Com isto, alguns produtos que eram embarcados por via aérea e foram revertidos para o transporte marítimo estão sendo enviados por avião novamente, com o intuito de garantir entregas dentro do prazo.

Os valores de frete já começaram a aumentar em meados de janeiro, quando os membros da TSA (Transpacific Stabilization Agreement) inseriram o sistema de sobretaxas de emergência. A ação aumentou os valores de US$ 1.284 por contêiner de 40 pés do início do ano para quase US$ 1.700 - até certo período do ano passado, a mesma rota computava valores de cerca de US$ 870. Com base nesses números, a Drewry prevê que as taxas da rota Ásia-Europa podem chegar a US$ 2.000 por Teu até o segundo semestre.
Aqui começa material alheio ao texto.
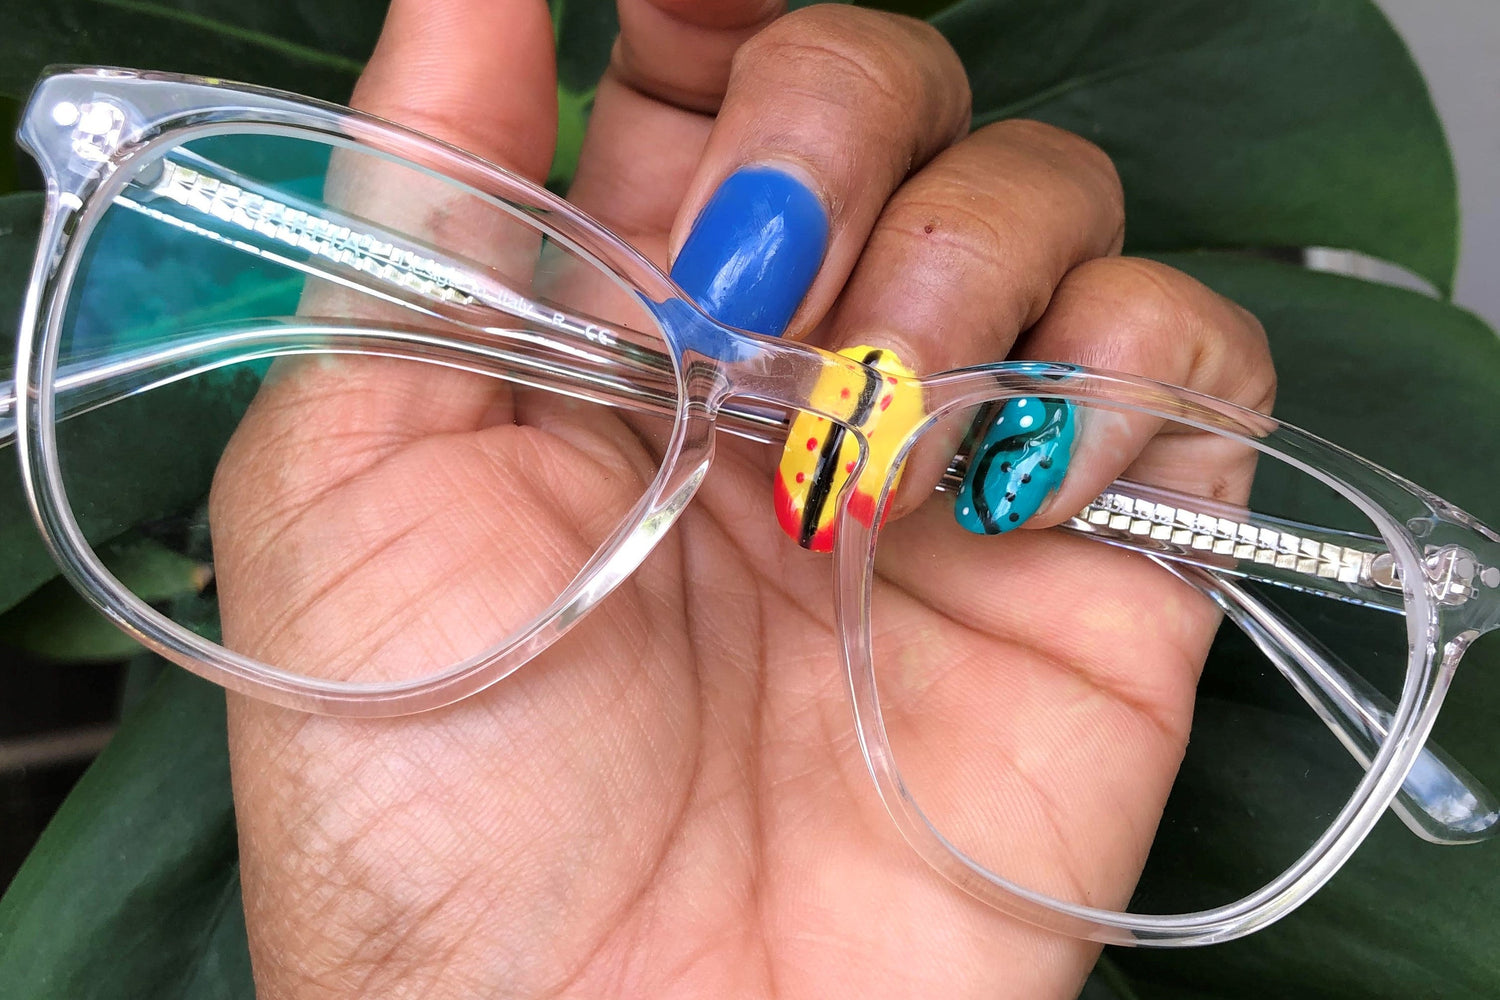 can you order prescription eyeglasses online? | KOALAEYE OPTICAL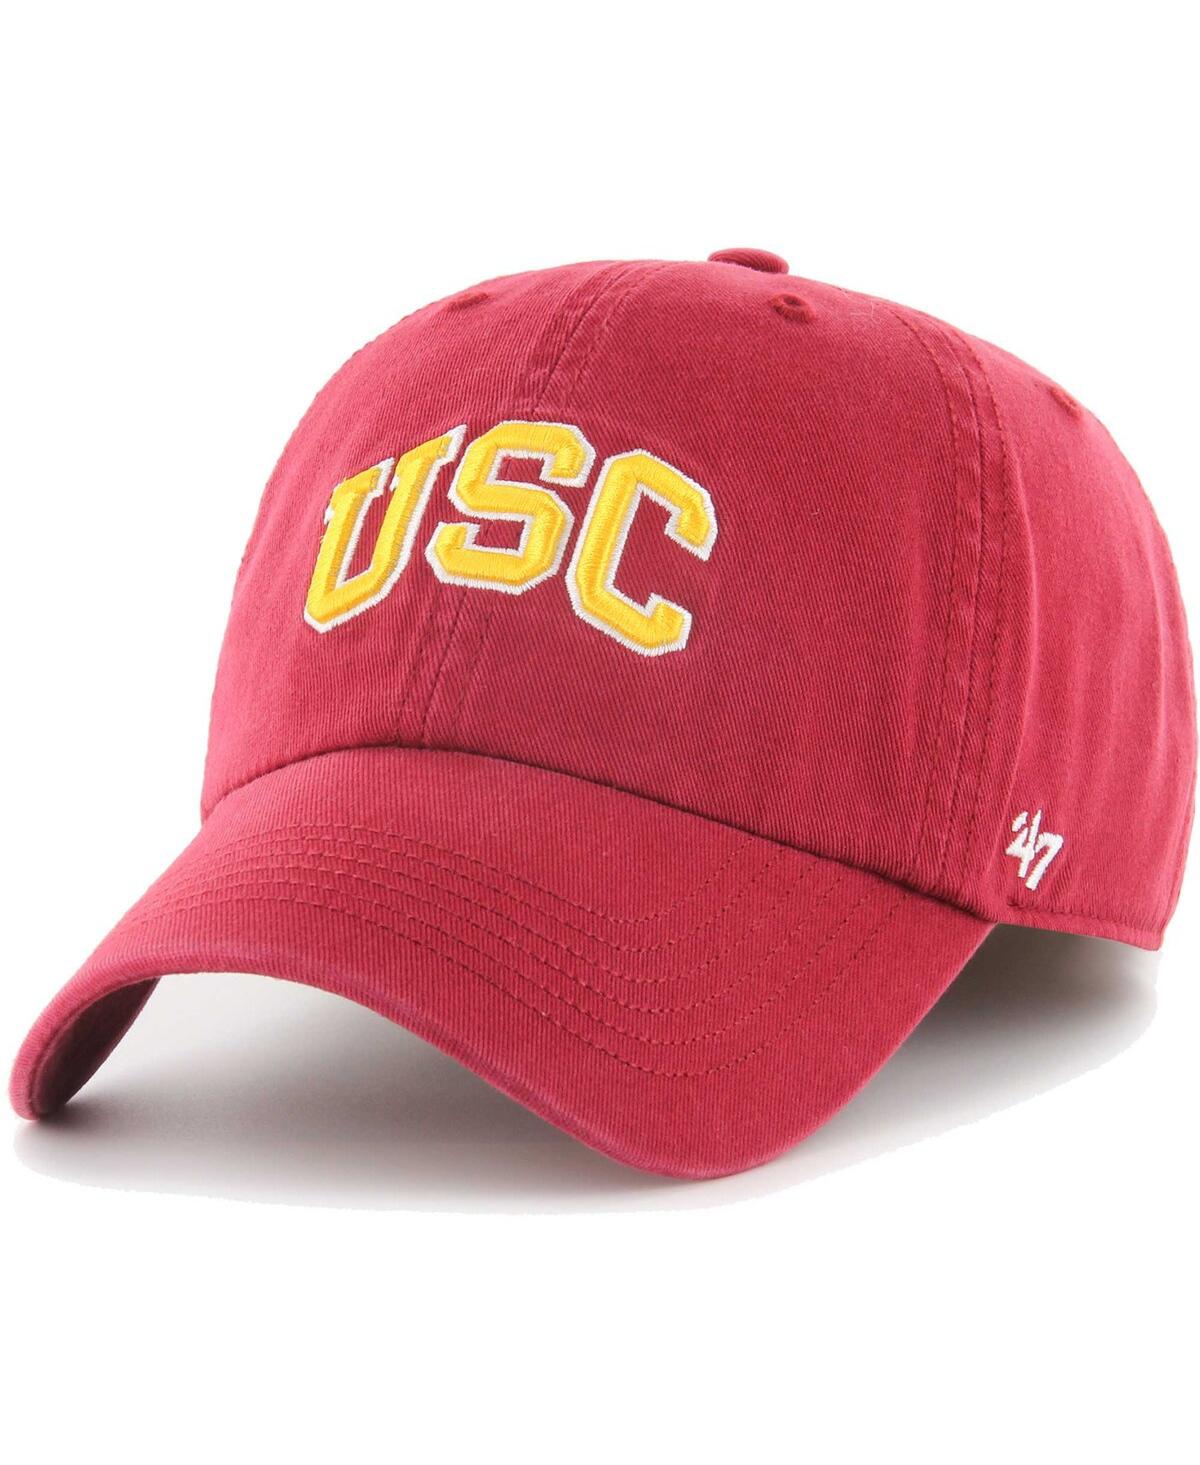 47 Brand Men's ' Cardinal Usc Trojans Franchise Fitted Hat

No Atlântico, os valores também apresentaram um pequeno aumento, mas a previsão de que comércio global registre um breakeven ainda está longe. O chefe executivo da Atlantic Container Line, Andrew Abbott, informou que o volume de cargas rolantes (equipamento de construção e demais máquinas) movimentadas no Atlântico encontra-se fraco, evidenciando que as indústrias de material para construção e seus fabricantes não esperam uma rápida recuperação das demandas, o que, por sua vez, também influencia no comércio de contêineres.

O grande número de navios ociosos à espera do crescimento do volume de demanda reflete o ponto de vista dos que acreditam que não exista uma recuperação real no mercado de contêineres até que a capacidade seja totalmente absorvida, e para que isso ocorra seriam necessários pelo menos mais dois ou três anos, segundo a Drewry.